When it comes to maternity care, the only alternative to the current mix of small, medium and large hospitals and birth centers is to close down all facilities that deliver less than 500 babies a year and send laboring women to very large regional centers. A joint committee of the American College of Obstetricians and Gynecologists’ and the American Association of Obstetrical Anesthesiologists proposed this very idea just a few years ago, as a way to make epidural anesthesia available 24-7 to all maternity patients. Apparently, the enthusiasm of organized medicine for eliminating all but the largest hospital maternity services was not shared by the administrators of small and medium-sized community hospitals.  
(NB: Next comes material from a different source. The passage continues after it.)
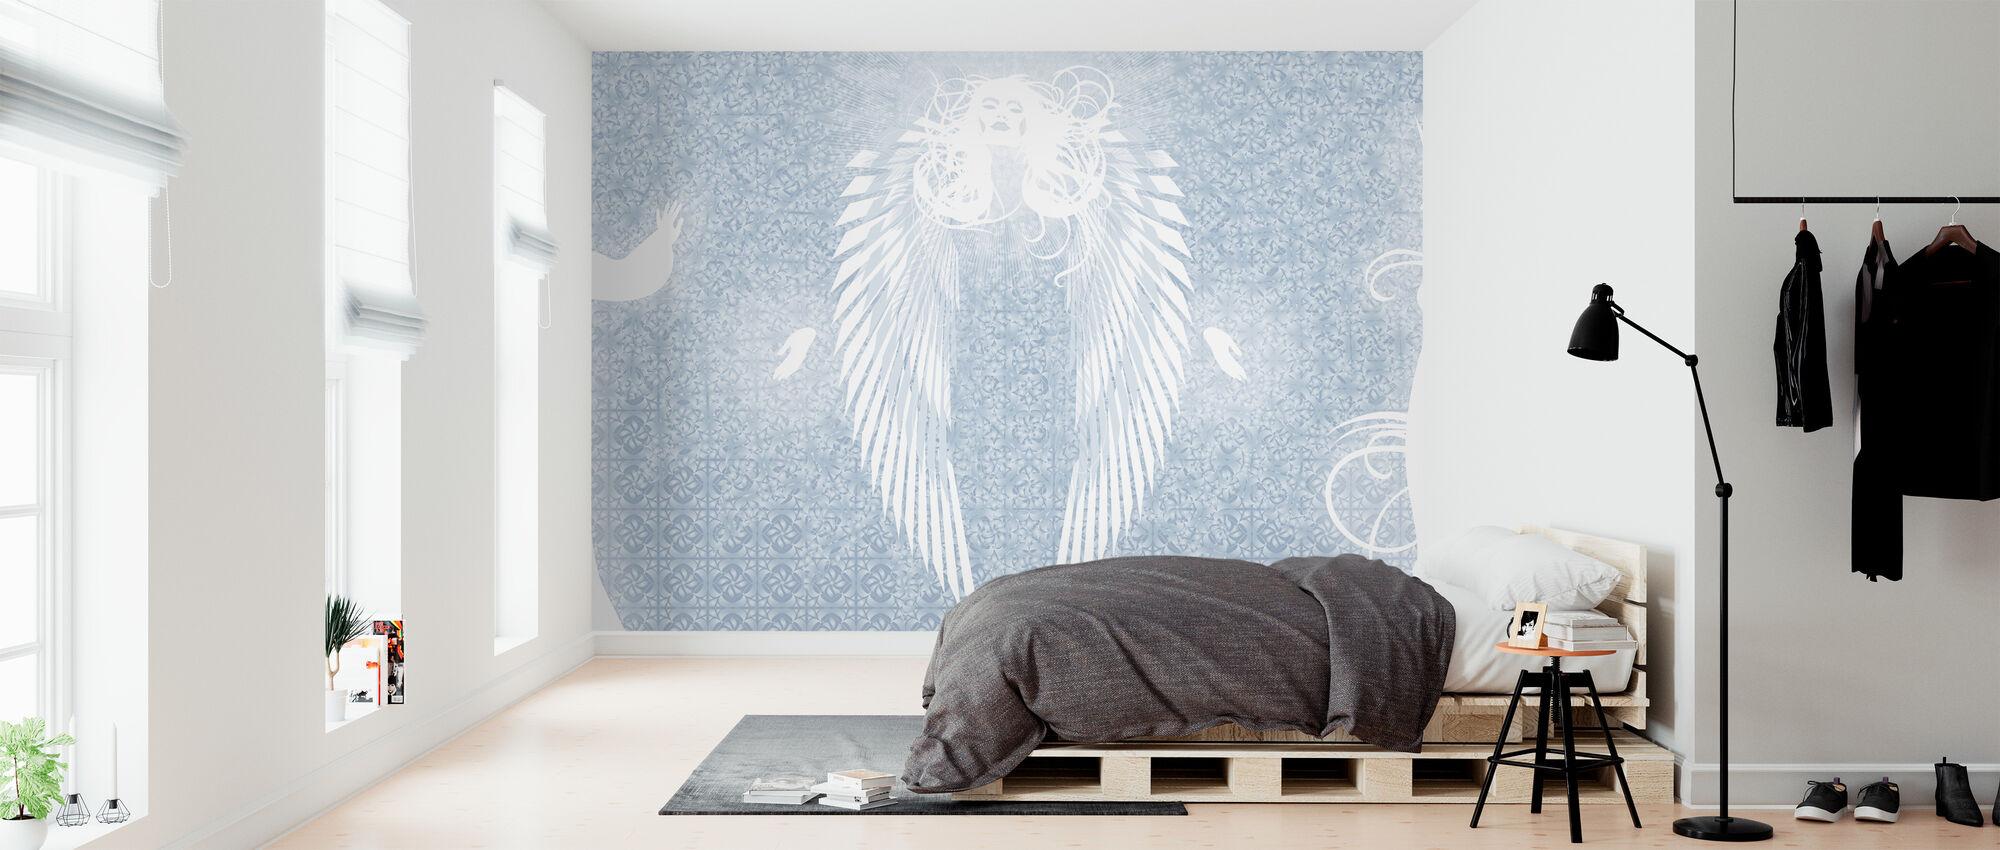 Birgit Amadori - Metatron - Tapete - Schlafzimmer

But the practical side of this so-called ‘solution’ would create a host of other expensive and daunting problems, such as transportation for those without a car, driving times (especially in bad weather) and the significant number of women who would give birth unattended in their car before arriving at the region center. To visit new mothers or premature and sick babies (who might be hospitalized for weeks), there would be expensive hundred-mile round trips, childcare problems and extensive time off work. And in spite of everyone’s best efforts, such a tertiary care system would still not be able to get everyone in the right place at the right time, and can’t guarantee that mothers and babies will always get exactly the care they need.

Annual spending on health care in the US is currently 17% of our Gross Domestic Product, which was as calculated by the World Bank’s Development Indicators in 2008 to total $14.59 Trillion . That means we spend $2.43 trillion every year on healthcare. One quarter of that princely sum pays for maternity care, with about 70% of this impressively huge number going to pay for medicalized maternity care for health women with normal pregnancies. Even if it were economically feasible, throwing more money at the problem will not be the answer.

In regard to healthcare of all sorts, it’s always a bad idea to spend 99% of economic resources to meet the rare 1% need, while trying to stretch the remaining 1% of the money to cover the predictable needs of the majority. The promise that simply spending enough healthcare dollars will guarantee a perfect record every time is a hoax – the number of adverse events for the human condition never has and never will be zero. The far better choice is a practical and cost-effective approach that could meet 99% of the needs for 99% of the people using 99% of the available resource. This practical plan should apply to all aspects of health care, not just childbirth or maternity care.